── Exercise data ──
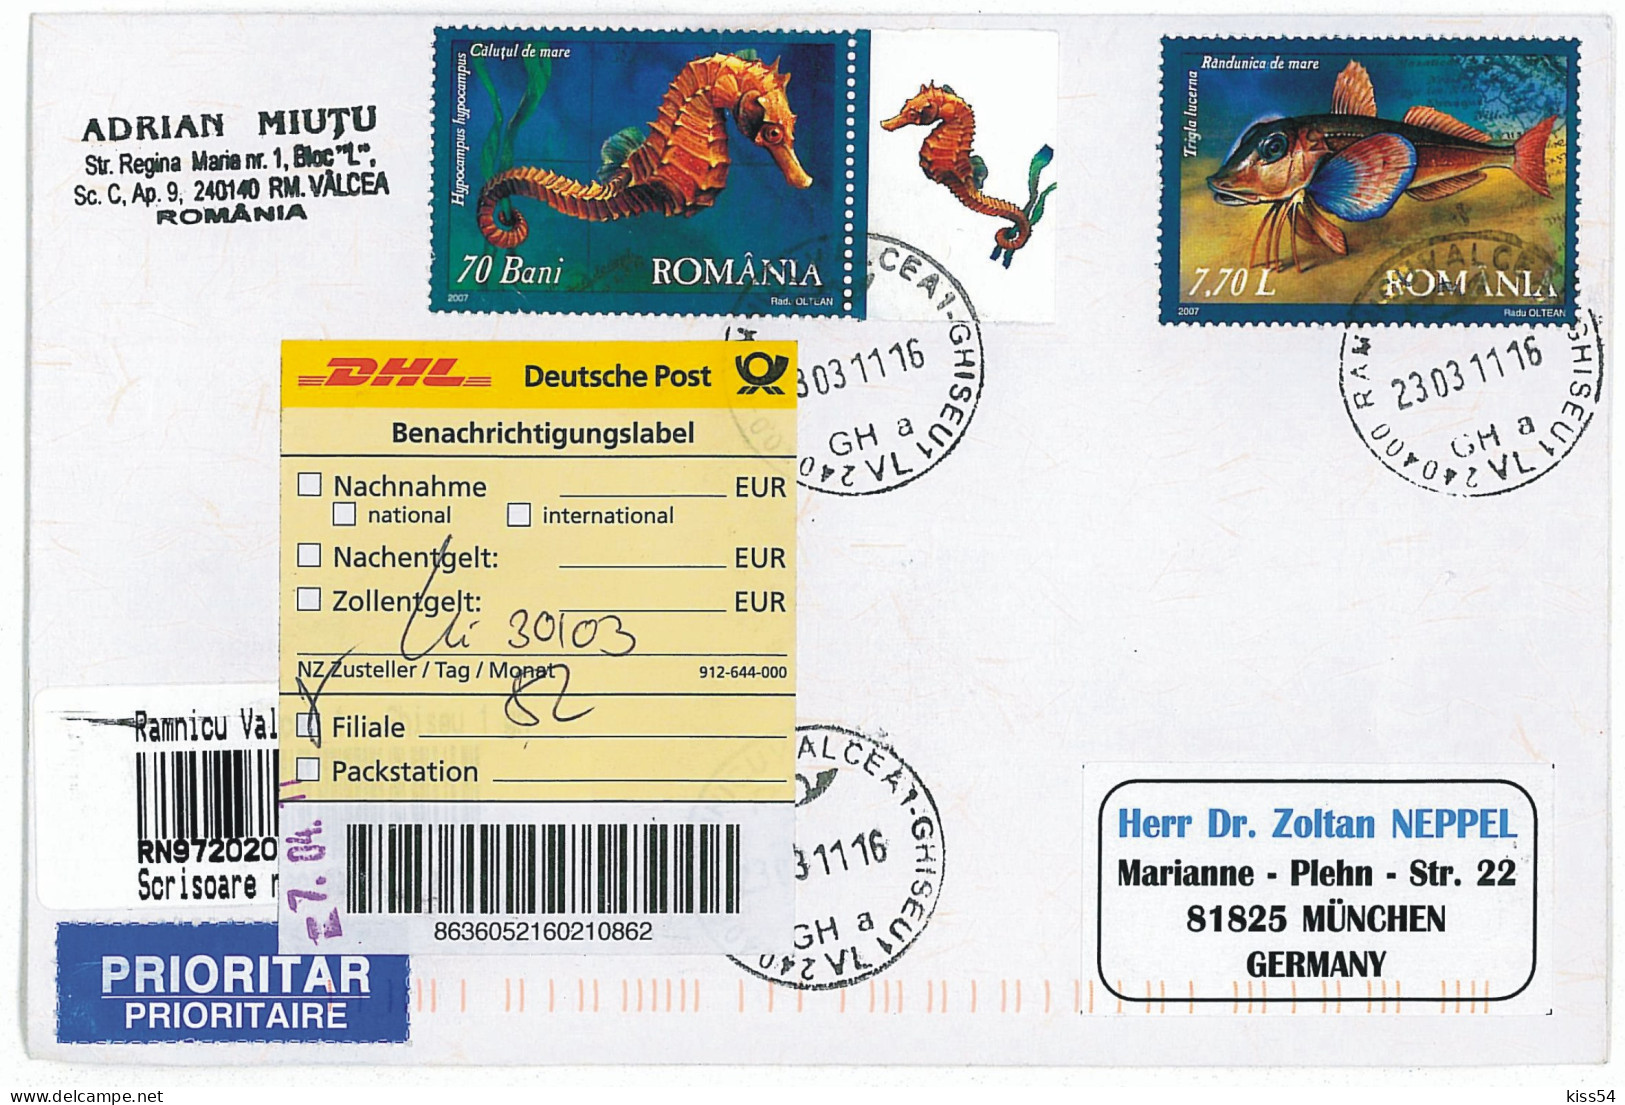 NCP 13 - 72020-a FISHES, Romania - INTERNATIONAL Registered, Stamp With TABS - 2011 - Briefe U. Dokumente
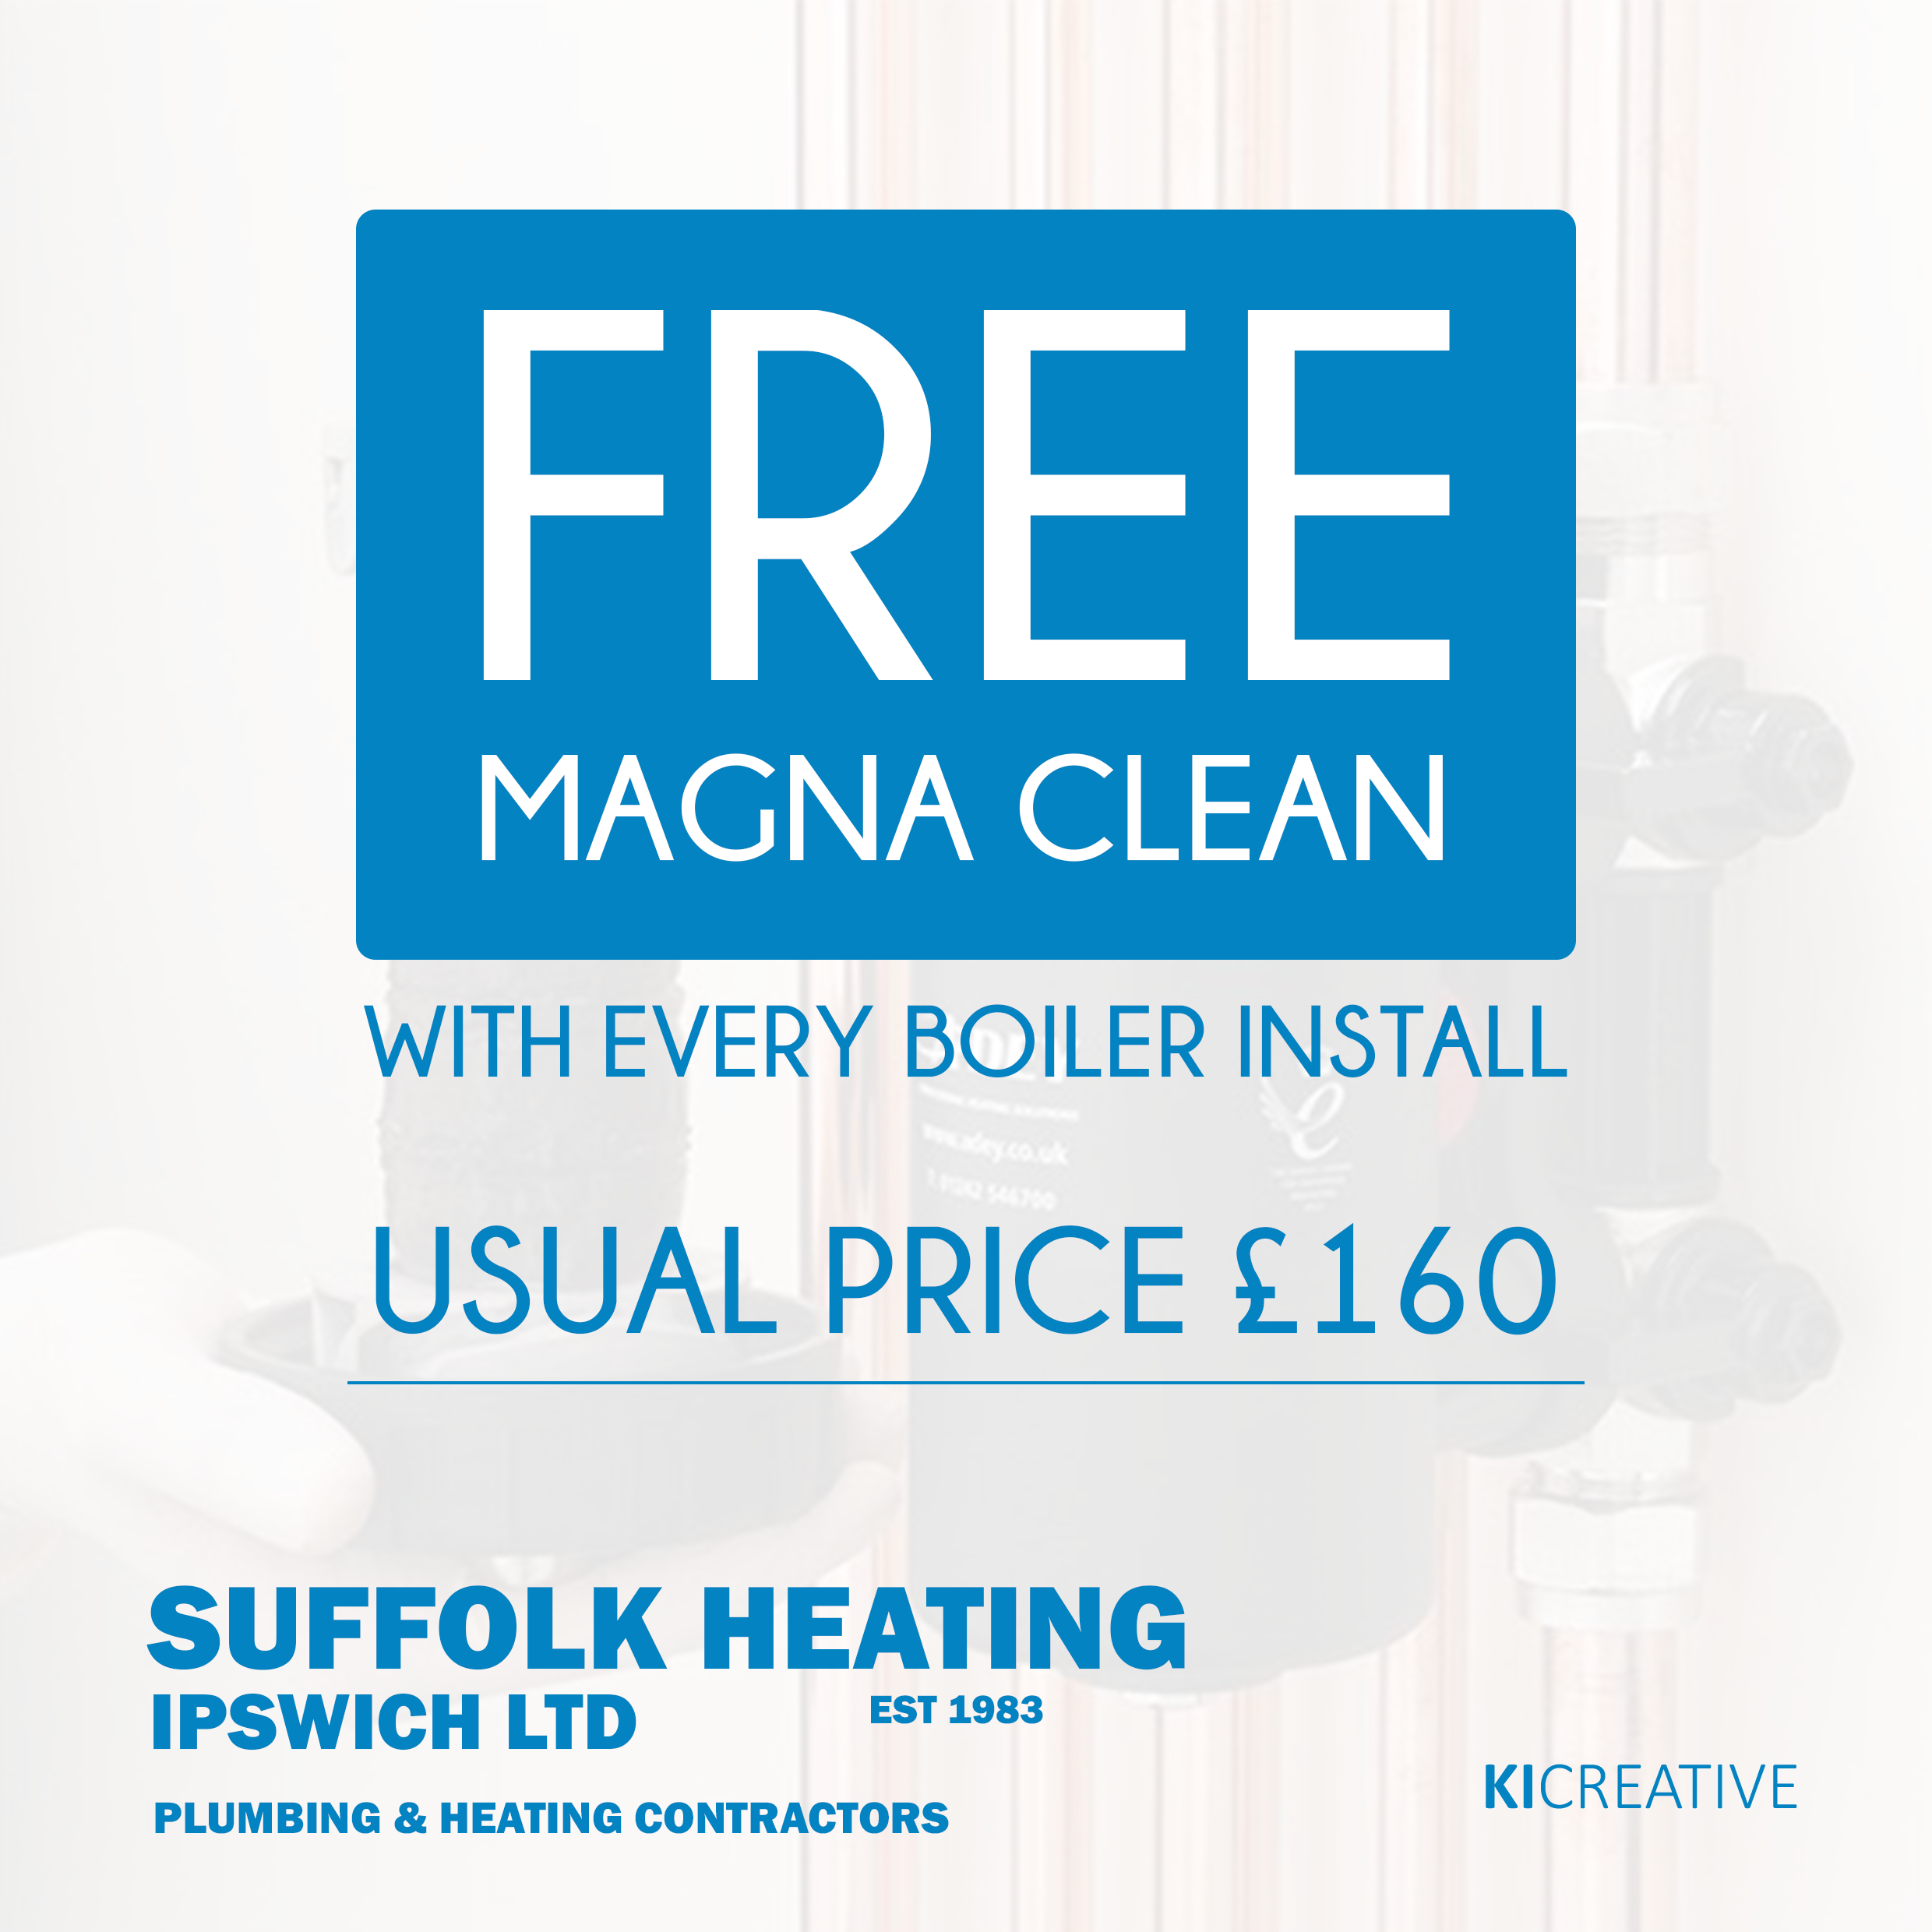 Free Magna Clean Plumbers Ipswich
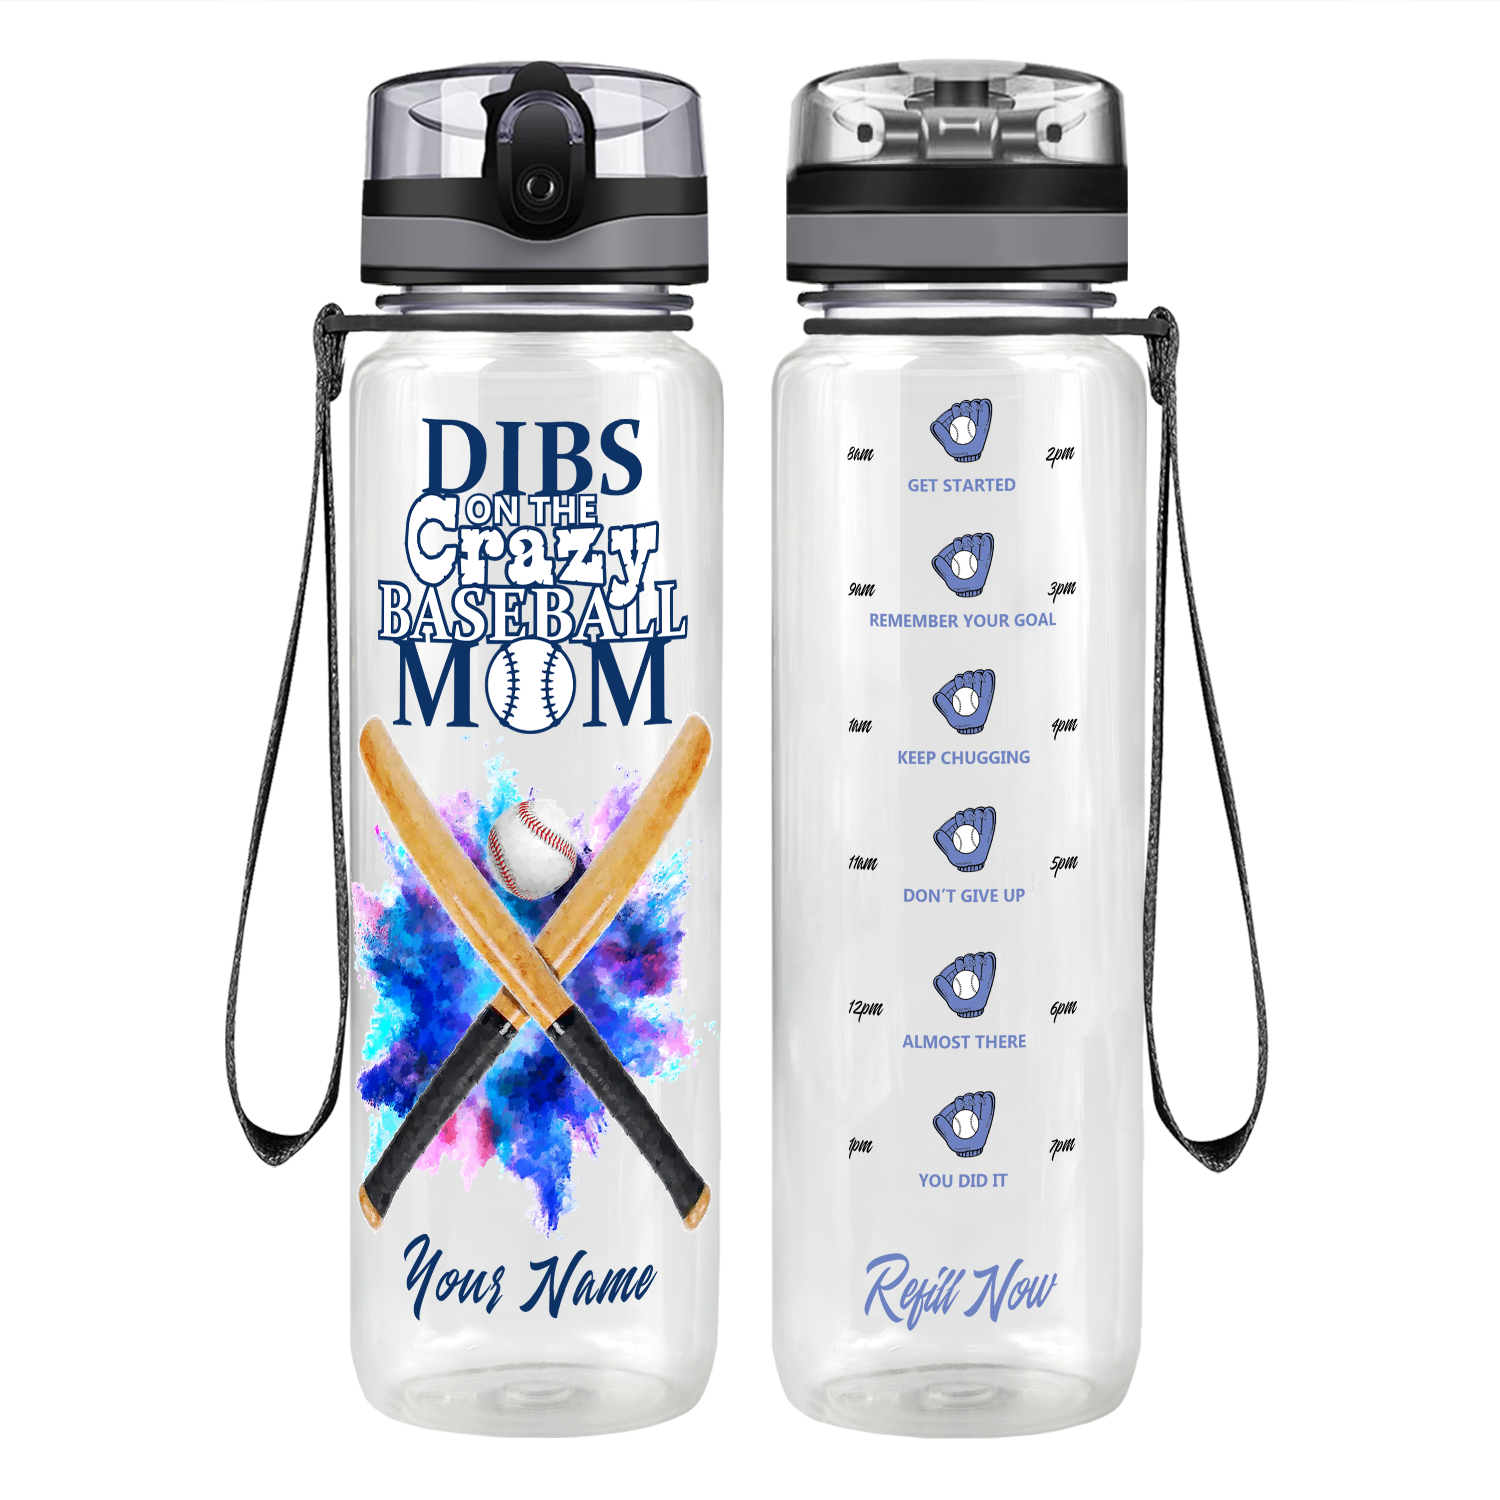 Personalized Dibs on the Baseball Mom on 32 oz Motivational Tracking Water Bottle
───
▶ Work request
Pictures are to be omitted. Print exactly the lines from the line containing "Free Magna Clean Plumbers Ipswich" through the final line of the material above, both included.

▶ Solved problem
 Free Magna Clean Plumbers Ipswich
 Personalized Dibs on the Baseball Mom on 32 oz Motivational Tracking Water Bottle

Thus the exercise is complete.